*** Opening Collected material ***
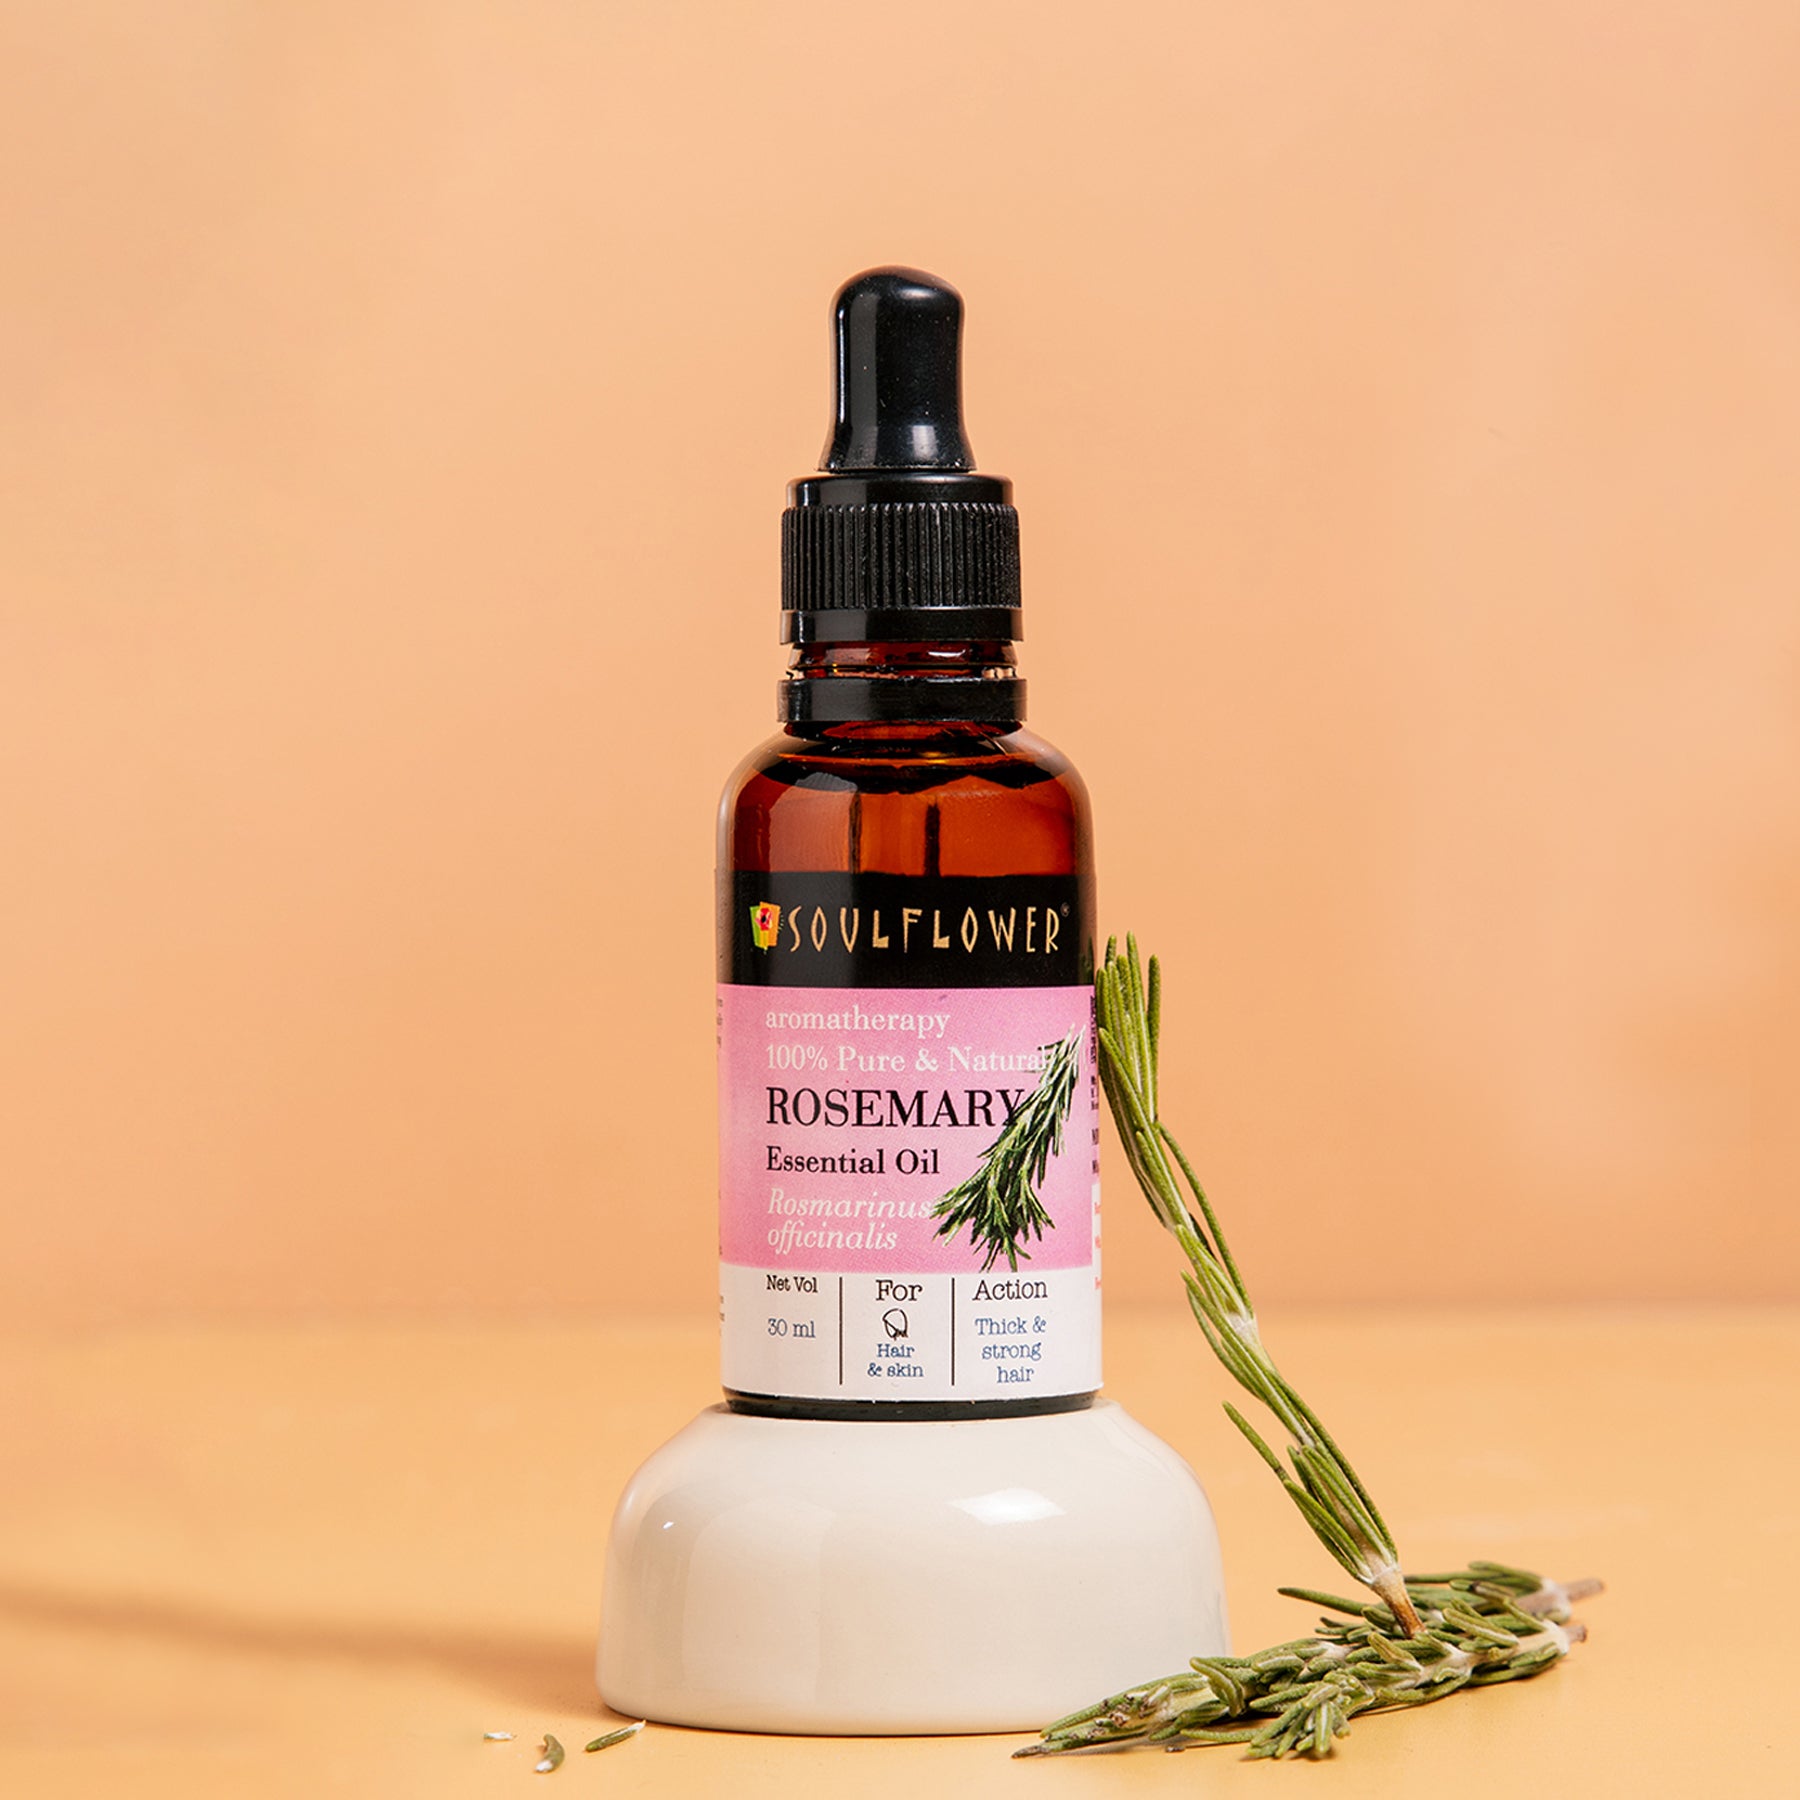 The Ultimate Guide: How to Use Soulflower Rosemary Essential Oil for Hair Growth
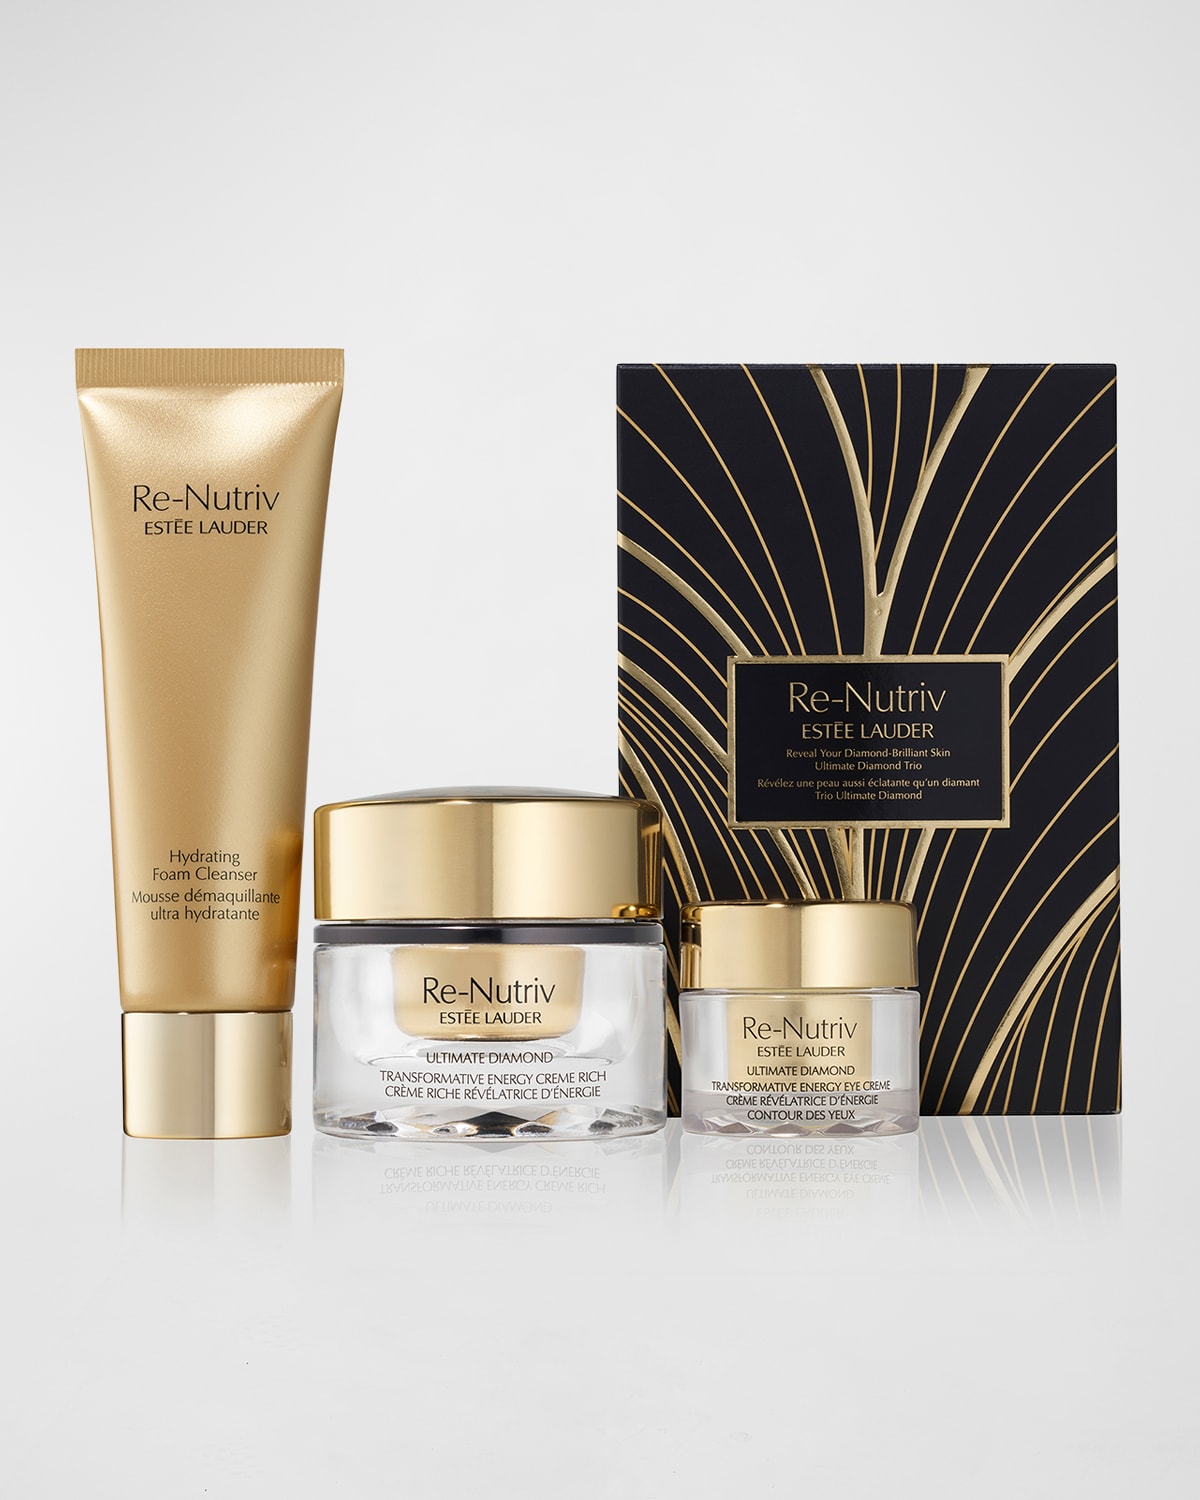 Re-Nutriv Diamond Gift Set, Yours with any $150 Estee Lauder Purchase
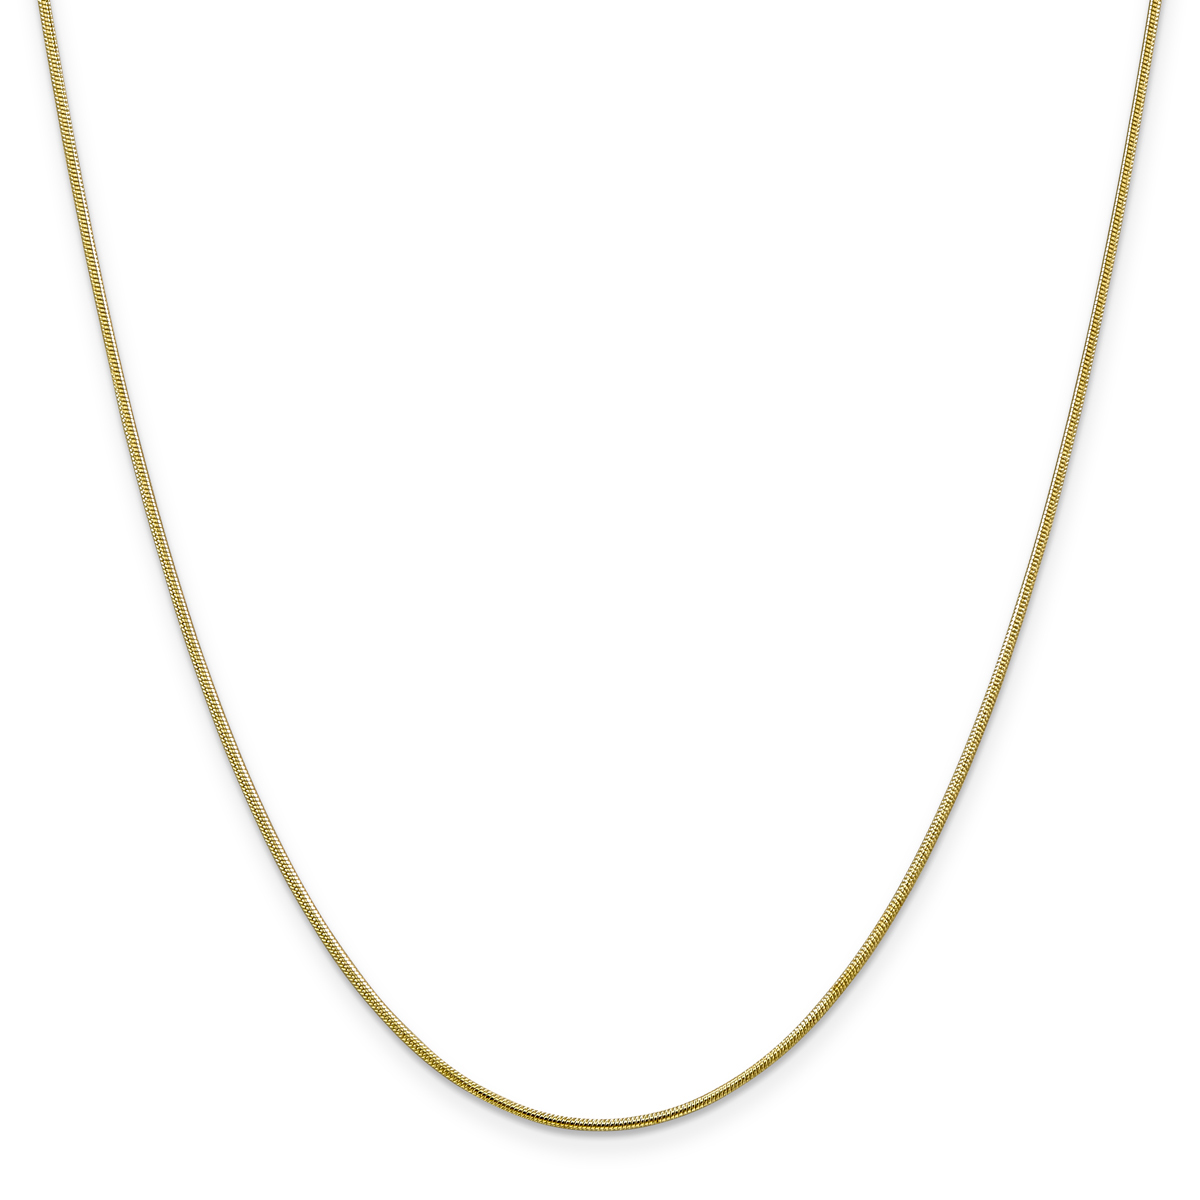 Adult Unisex Gold Classics(tm)10kt. 1.1mm 20in. Snake Chain Necklace
*** Closing Collected material ***
§ **How to complete this task**
Copy the whole listing exactly, excluding the pictures in it.

§ **Response to this task**
 The Ultimate Guide: How to Use Soulflower Rosemary Essential Oil for Hair Growth
 Re-Nutriv Diamond Gift Set, Yours with any $150 Estee Lauder Purchase
 Adult Unisex Gold Classics(tm)10kt. 1.1mm 20in. Snake Chain Necklace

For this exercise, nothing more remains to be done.